Protein CoAlation has been suggested to play a role in oxidative stress responses. D. discoideum cells are likely to be exposed to oxidative stress at different stages of their life cycle. We therefore tested whether protein CoAlation may play a role in this system. Firstly, we examined the expression profile of genes required to produce CoA in D. discoideum at different stages of its life cycle (Fig. 1A). We found that all genes were developmentally regulated, with high expression levels in vegetative cells (Fig. 1B). Levels then fall upon starvation, but rise again during multicellular development. This pattern is most evident for Pank, which encodes the rate-limiting enzyme in the CoA biosynthetic pathway. Pank expression was highest in growing cells, then dropped significantly upon starvation, but gradually increased again during the developmental stages (Fig. 1B), reaching a peak during culmination that was comparable to that seen in vegetative cells. These findings support the idea that changes in cellular metabolism and redox regulation could modulate the production of CoA during morphogenesis.

Fig. 1.

Fig. 1

The expression of genes involved in CoA biosynthesis, the level of CoA and protein CoAlation in D. discoideum are developmentally regulated. A. Schematic depicting the evolutionary conserved CoA biosynthetic pathway. B. Transcriptional profiling of genes involved in the CoA biosynthetic pathway during growth and development. C. Analysis of total CoA level at developmental stages by an enzymatic recycling assay. Data represent mean ± SEM. *p < 0.05 compared to mound, slug culminant and fruiting body stages, ≠ p < 0.05 compared to slug and culminant stages. D. Western blot analysis of protein CoAlation during vegetative growth and morphogenesis. Protein CoAlation was examined by immunoblotting with anti-CoA antibody.

3.2. Levels of CoA in D. discoideum cells

The expression pattern of genes required for CoA biosynthesis suggested that CoA levels may in turn be developmentally regulated. To test this hypothesis, we determined whether the total level of CoA in D. discoideum cells correlated with Pank mRNA levels. The extraction of CoA from D. discoideum was found to be efficient and experiments with internal standards showed that the recycling assay can measure CoA levels reliably in the picomolar range (Suppl. Figure 1A). The concentration of CoA in vegetative D. discoideum (45 pmol/mg total protein) cells was found to be comparable to that in HEK293 cells (18 pmol/mg total protein) and, as anticipated, less than in HEK293/Pank1β cells (381 pmol/mg total protein) (Suppl. Figure 1B). We next extracted and measured CoA from D. discoideum cells at different developmental stages. CoA levels were found to follow levels of Pank mRNA expression, decreasing after starvation but then rising again during multicellular development (Fig. 1C). CoA levels in the fruiting body stage (24 h of starvation) were statistically significantly higher than the CoA levels of slug, and culminant stages (17 h, and 21 h of starvation, respectively), which correlated with Pank mRNA expression profile.

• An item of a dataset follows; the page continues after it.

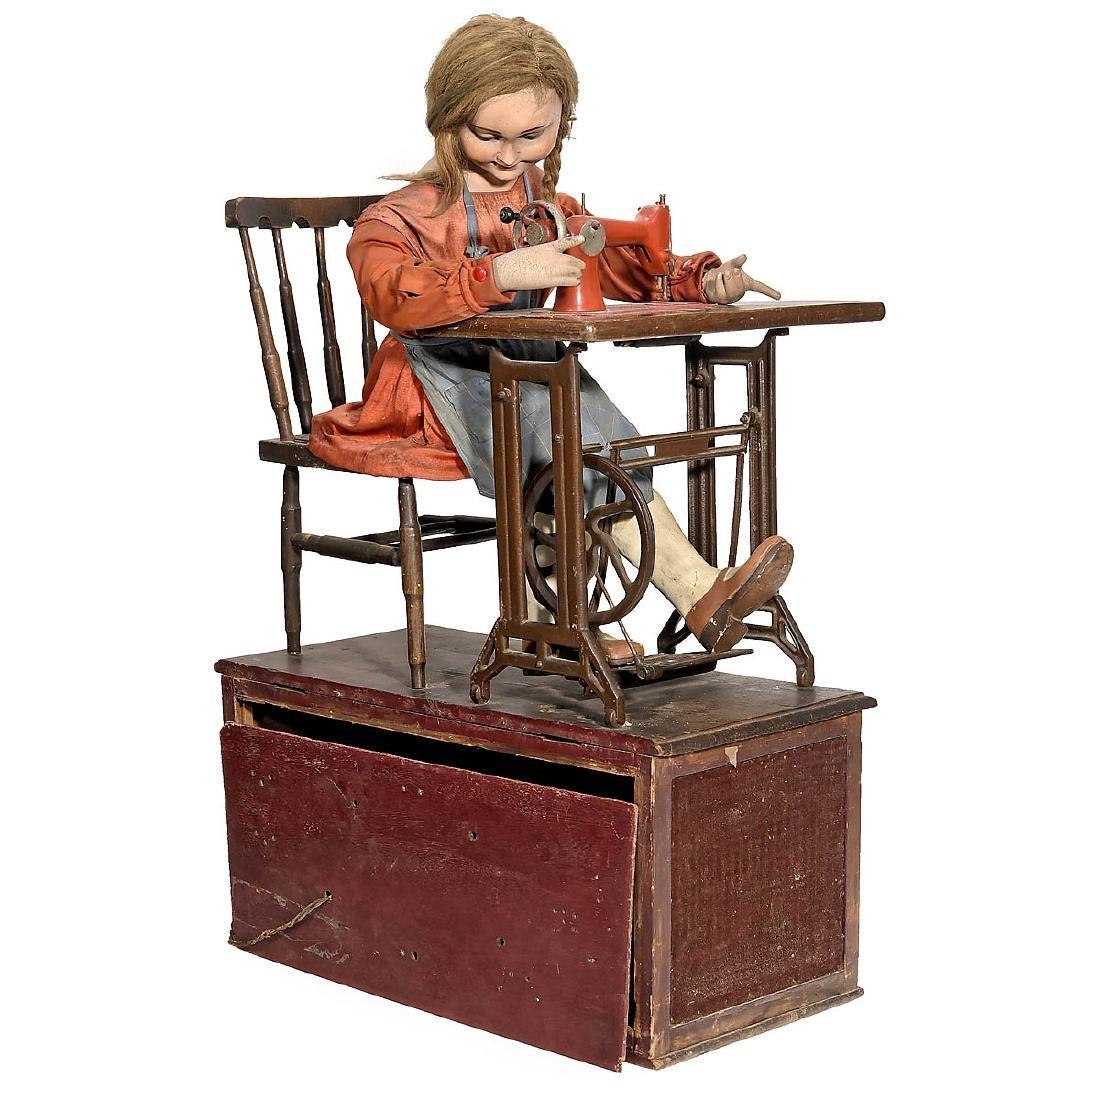 Advertising Automaton with Sigma Sewing Machine, c.

3.3. Analysis of protein CoAlation during morphogenesis

Recent studies from our laboratory have revealed that the extent of protein CoAlation induced by oxidising agents and metabolic stress is determined by the level of CoA in cells or tissues [9]. Because there are significant fluctuations in CoA levels across different stages of morphogenesis, we immunoblotted these corresponding protein samples with anti-CoA antibody under non-reducing conditions. A distinctive pattern of CoA-modified proteins was observed at different developmental stages (Fig. 1D). Significant protein CoAlation was detected in vegetative cells, especially for a number of proteins in the lower molecular weight region. The signal intensity of these proteins around 50 kDa dropped after the initiation of starvation (aggregation stage), but then gradually increased to reach the maximum at the fruiting body stage. However, for other proteins, CoAlation increased during multicellular development, with a unique pattern evident upon fruiting body formation and spore cell differentiation (Fig. 1D).

3.4. Oxidising agents induce protein CoAlation in D. discoideum cells

The expression of the Pank gene, the level of CoA and protein CoAlation all change during D. discoideum morphogenesis. Previous studies have revealed that protein CoAlation is induced in mammalian and bacterial cells exposed to oxidising agents [9,10]. We therefore investigated whether covalent protein modification by CoA is also associated with oxidative stress responses in D. discoideum. Taking into account that D. discoideum cells exhibit high resistance to oxidative stress [23], we examined protein CoAlation in a dose-dependent study using relatively high concentrations of oxidising agents. Growing cells were treated with H2O2, diamide or TBH. Cell lysates were prepared and protein extracts separated by SDS-PAGE. Western blot analysis with anti-CoA antibody revealed an increase in protein CoAlation with all treatments compared to control cells (Fig. 2 and Suppl. Figure 2). Levels of protein CoAlation were extensive when cells were treated with diamide, but much weaker with H2O2 and TBH even at very high doses (compared to those used in mammalian cells to induce oxidative stress). Immunoreactive bands were detected in control cells and cells exposed to 1 mM and 3 mM diamide, and protein CoAlation increased markedly when cells were treated with 6 mM or 9 mM diamide (Fig. 2A). In contrast, H2O2- and TBH-induced oxidative stress caused very weak protein CoAlation with up to 1M H2O2 and 0.3 M TBH in the culture medium (Fig. 2B and C). The above results suggest that D. discoideum cells employ different antioxidant defence mechanisms to cope with oxidative stress induced by diamide and H2O2.

Fig. 2.

Fig. 2

Dose-dependent induction of protein CoAlation in D. discoideum cells in response to diamide (A, B), H2O2 (C, D) and TBH (E, F). Exponentially growing cells were treated or not treated with diamide, H2O2 and TBH at the indicated concentrations for 30 min. Cells were lysed and protein CoAlation was examined by immunoblotting with anti-CoA antibody.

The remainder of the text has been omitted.